У Окруженного моря Стикс, быстроногая дева, села расчесывать кудри.
Песню поет молодая, волосы - пенные волны чешет гребенкою молний.
Море заслушалось песней, бросило в берег волною:
Будешь моею женою!
Нет, кораблей пожиратель, знай - я люблю Океана!
В жизни твоею не стану!

Она боялась, что знать, пресыщенная лучшими певцами Атлы, засмеет ее - безвестную певицу из Умизана. Зря она решилась петь свою новую песню. Но теперь поздно.

Море взревело от гнева, подняло в страшной угрозе гору за волосы сосен.
Прячась от мести ужасной, к берегу дева припала, скрыли прекрасную скалы.

С удивлением она заметила, как стихают хмельные голоса, осторожно опускаются чаши, оборачиваются к песне новые лица.

"Славная песня! - думал Палант, глядя на певицу из угла, где теснились гости попроще. - Сама она придумала эти изгибы мелодии, или я их уже где-то слышал?"

Деву земля пожалела, камень раскрылся, как рана:
Вот тебе путь к Океану!
Стикс, быстроногая дева, бросилась в темень могилы, чтобы увидеться с милым.

В памяти знатока почему-то всплыла тундра, землянки, пасущиеся олени.
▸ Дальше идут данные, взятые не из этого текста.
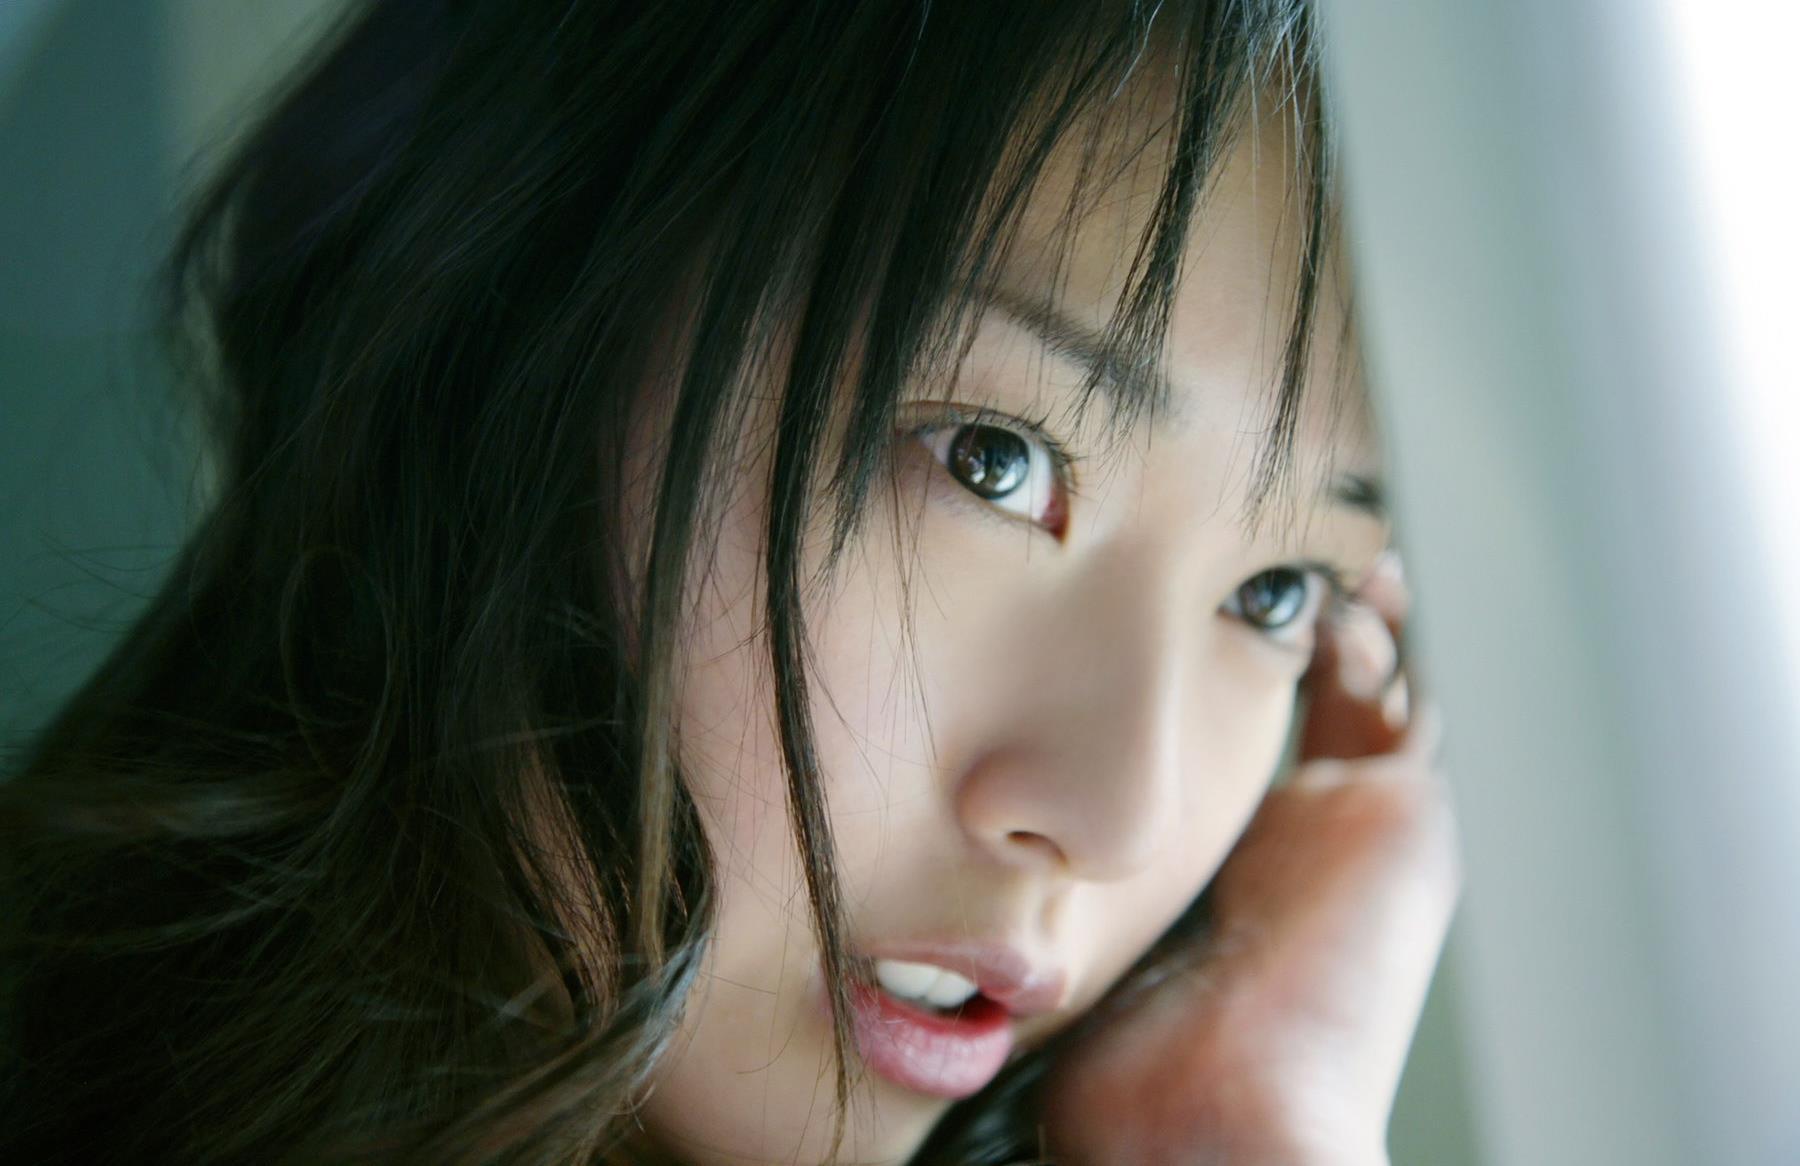 戸田恵梨香 エロ画像 68

Неужели это дикие гийские напевы освежили песню, сделали волнующей и горячей?

С этой поры молодая путь пробегает суровый снова и снова и снова:
Вечно уходит от Моря, вечно встает из могилы, чтобы увидеться с милым.

Несколько мгновений все молчали, потом пир одобрительно зашумел. Добытчик удовольствий поднес Тейе чашу пенного сока. Она почти падала - столько сил отняла песня.

Италд сделал Добытчику знак. Тот покосился на Наследника. Тифон задумчиво жевал, похлопывая по бедру жрицу. Тогда Веселитель взял певицу за руку и подвел ее к вождю броненосных. У того было длинное горбоносое лицо с покатым лбом; глаза не такие узкие, как у большинства атлантов, жесткие, прямые губы.

- Сядь, - сказал Италд, - подкрепись едой. Видно, петь не легче, чем сражаться.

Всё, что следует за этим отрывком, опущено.